|
Post by arunthomasbaby on Oct 19, 2020 11:45:55 GMT
Hi All, From my understanding all redirection request without Authentication should respond with 404 status code if accessing a resource which requires authentication. eg: https://{{ip}}/redfish/v1/Systems/ => 404 if accessed without Authentication.
So my doubt here is whether this behaviour should be same for a request without Authentication and request with invalid authentication credentials(wrong username or password) ?.
TIA Arun
|
|
|
Post by mraineri on Oct 21, 2020 12:49:55 GMT
Looking back at the history of that clause in the spec, I'm thinking that this might be a mistake. Regardless of redirection, if authentication is required, I would expect a 401 if authentication headers are missing or invalid, which would be consistent with the non-redirect scenario.
|
|
|
Post by AMI_shirleyh on May 31, 2021 18:10:32 GMT
What Status code to return for a trailing slash with URI's and with correct Authentication for each of the methods - GET, POST, PUT, PATCH, DELETE ?
Example : Original URI : https://{{ip}}/redfish/v1/Systems - 200 with Response data. GET https://{{ip}}/redfish/v1/Systems/ - 302 with Location Header or 301 ?
Similarly what Status code should be returned for other HTTP methods ?

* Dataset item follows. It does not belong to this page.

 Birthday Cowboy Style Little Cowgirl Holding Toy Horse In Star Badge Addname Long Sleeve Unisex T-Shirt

SPEC does not mandate - but will it depend on the implementor's choice or do you have any suggestions or preference to follow uniformly ?
|
|
|
Post by mraineri on Jun 1, 2021 13:14:58 GMT
Largely that's going to be implementation dependent based on the underlying web server being used. At least based on reading the RFCs, both 301 and 302 seem to work and the semantics between the two are very minor as far as I can tell. For other HTTP methods, 303 and 307 may also be needed (at least from a few observations I've made with different web services).

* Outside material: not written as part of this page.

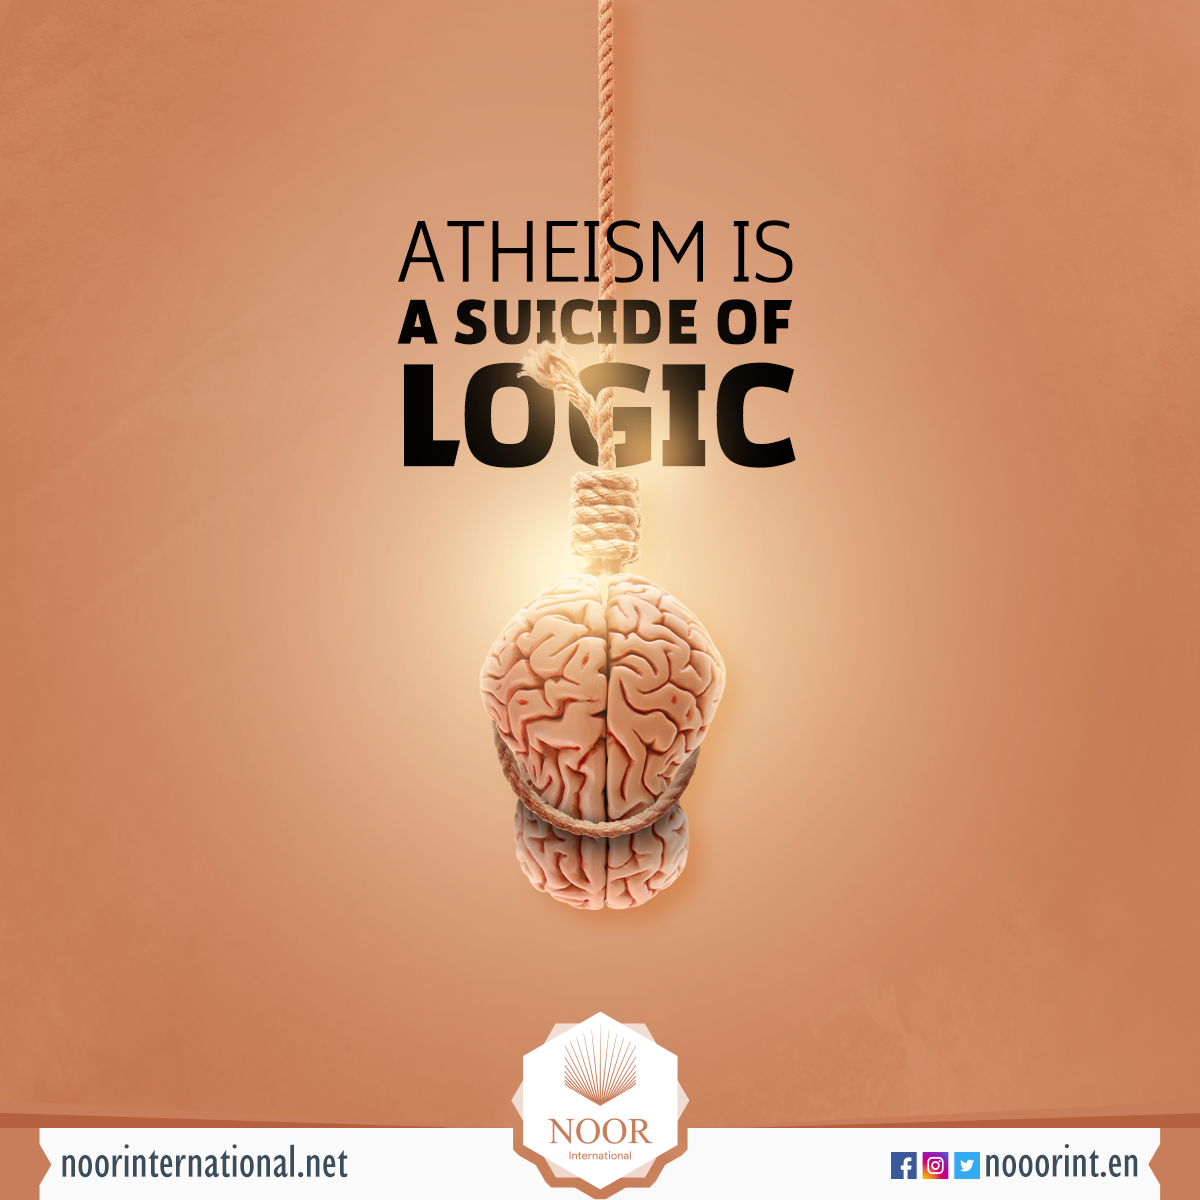 Atheism is a suicide of logic

However, you also don't necessarily need to perform a redirect; you could also use one of the 2XX status codes and avoid redirection altogether. Again, this is an implementation decision based on what works for your web server.
It's also possible to not support those URIs at all since they are outside the scope of the Redfish Specification; again, this is another implementation choice based on the types of clients you need to support, but I would not expect a general purpose client following the URI patterns in the specification to use trailing slashes.